Briana grew up in Seattle, WA before moving to the Big Island in July 2017. She is a rising senior enrolled in the computer science program at the University of Hawai’i at Hilo. After graduating, she plans to attend graduate school to further her education in computer science. When she is not writing code she enjoys exploring the Big Island, cooking for her family and designing video games.

Home Island: Big Island

Institution when accepted: University of Hawaii at Hilo

Akamai Project: Microscopy Image Classification Using Machine Learning

Project Site: Cyanotech – Kona, Hawai’i Island HI

Mentors: Court Warr & Charles J. O’Kelly

Project Abstract:

Imaging flow cytometry (FlowCam: Fluid Imaging Technologies, Portland, ME) provides image analysis of particles found in aquatic samples.
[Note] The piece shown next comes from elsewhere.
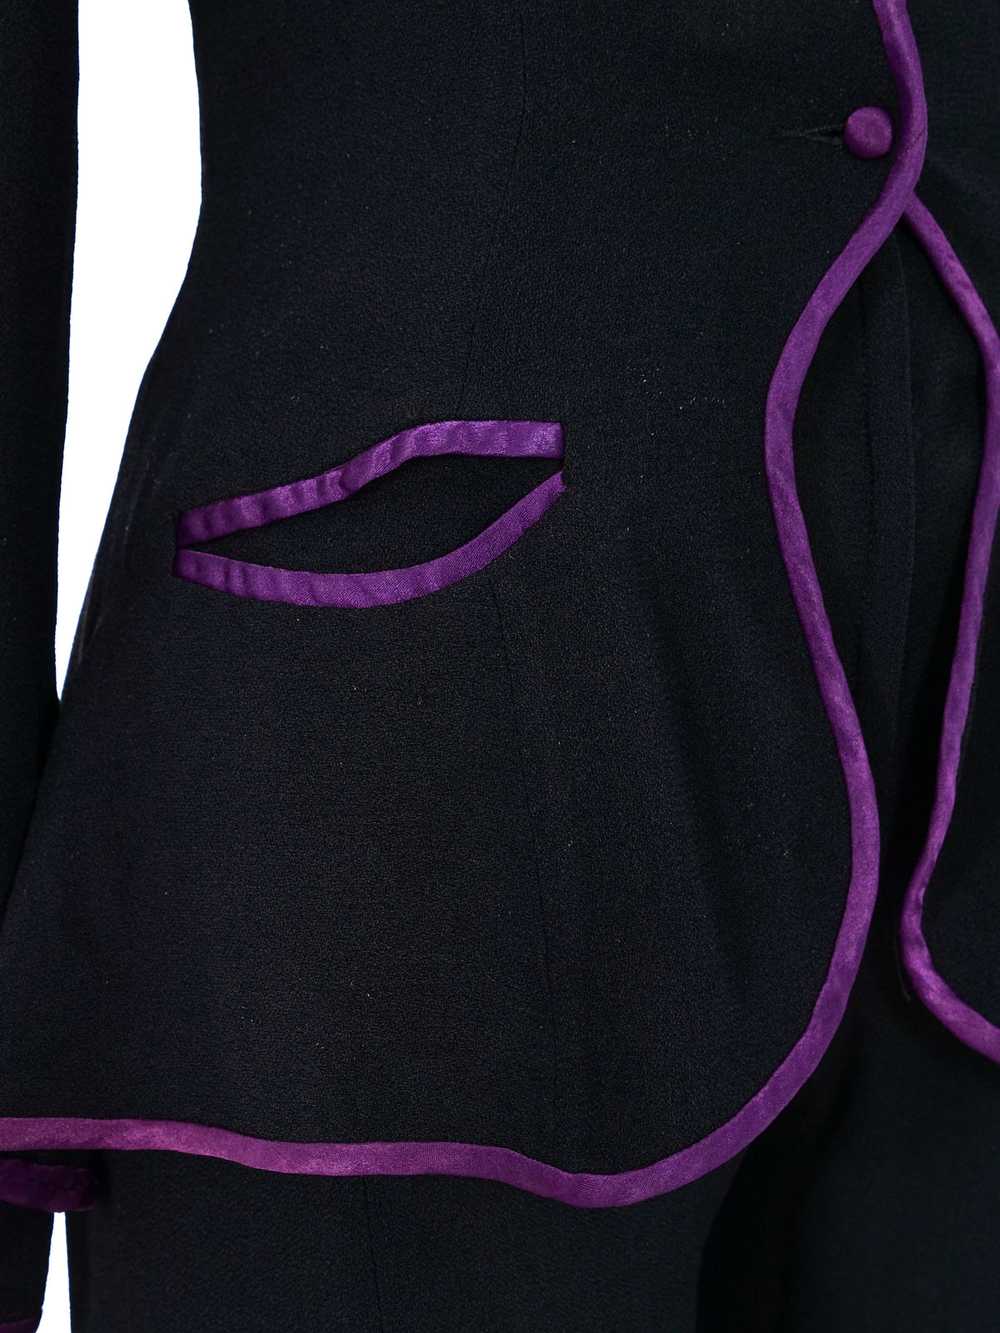 Ossie Clark Black Crepe Judy Pant Suit - image 2

By correctly identifying the particles and their relative proportions within the samples, researchers and cultivators at Cyanotech Corporation can find trends and patterns that help to increase the productivity of spirulina (Limnospira fusiformis), a cyanobacterium commonly used as a dietary supplement. Cyanotech would like to know if applying a classification algorithm will perform more accurately than the existing classification method and reduce the manual classification process which can take up to 30 minutes per sample to complete. The FlowCam maps image samples and converts the images into numerical data, producing a spreadsheet of each image’s unique properties. To build an accurate model that contained little bias and overfitting, it was important that I extract and build a balanced training data set. I exported historical data from multiple spreadsheets and developed a training set by randomly pulling annotated data from the most common particles, then reduced the dimensionality of the feature space by discarding redundant and unnecessary variables from the dataframe. Each remaining variable was then scaled to prevent the model’s failure to generalize data due to high variance. Several classification methods were built with the training set then tested with a separate dataset. Out of these models the top three performers, support vector machine, k-nearest neighbor, and random forest, were selected for further analysis. Each model was then tuned in the attempts to improve accuracy. Once the top performing model is determined, it will automatically write classification data to the existing FlowCam database. Cyanotech will utilize the classification model if it performs better than the original classification method. Results of the best performing classification model will be presented.